Ghana, the world’s second-largest cocoa producer, faces a significant decline in cocoa export earnings, projected to drop below $2 billion in 2024—the lowest level since 2010.
Despite robust cocoa futures driven by supply restrictions during the 2023/2024 season, analysis by the JoyNews Research Desk of Bank of Ghana data reveals that the country’s cocoa industry, once a cornerstone of its economy, is on track for its weakest export earnings in over a decade.
Cocoa revenues peaked at $2.87 billion in 2011 but have steadily declined to $2.12 billion in 2023, marking a cumulative drop of 26%—an average annual decrease of 2% over the past ten years.

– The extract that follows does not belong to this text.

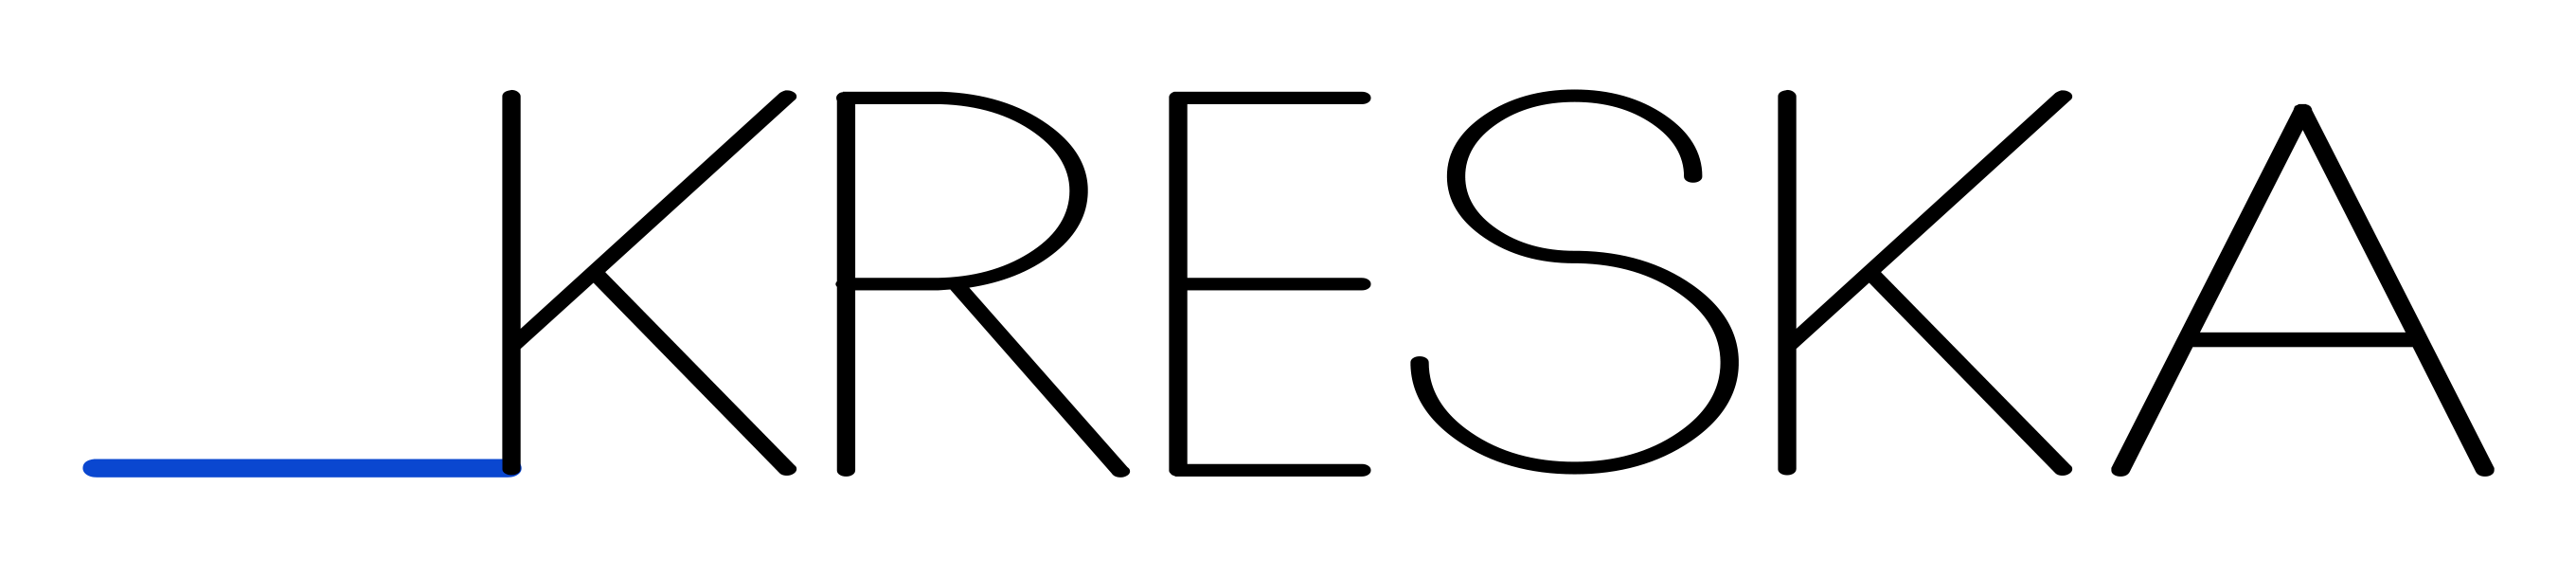 logo kreska2 0

With 2024 projections indicating a further dip below the critical $2 billion threshold, this ongoing Cocoa decline is likely to exacerbate pressure on the Ghanaian cedi, worsening the country’s fiscal challenges.
Multiple factors are crippling cocoa production, including illegal mining (galamsey), erratic weather patterns, crop diseases, and rampant smuggling. These challenges have severely hindered Ghana’s ability to benefit from rising global cocoa prices, complicating efforts to secure cocoa-syndicated loans, which have historically provided essential foreign exchange to stabilize the cedi.
As of August 2024, cocoa export earnings were only $917.8 million, the lowest in six years for that period, and significantly below the $1.7 billion average for the first eight months of the year since 2019. Current cumulative inflows from cocoa exports are $782 million below the five-year average and 43% lower than the same period in 2023, indicating a deepening crisis in the sector.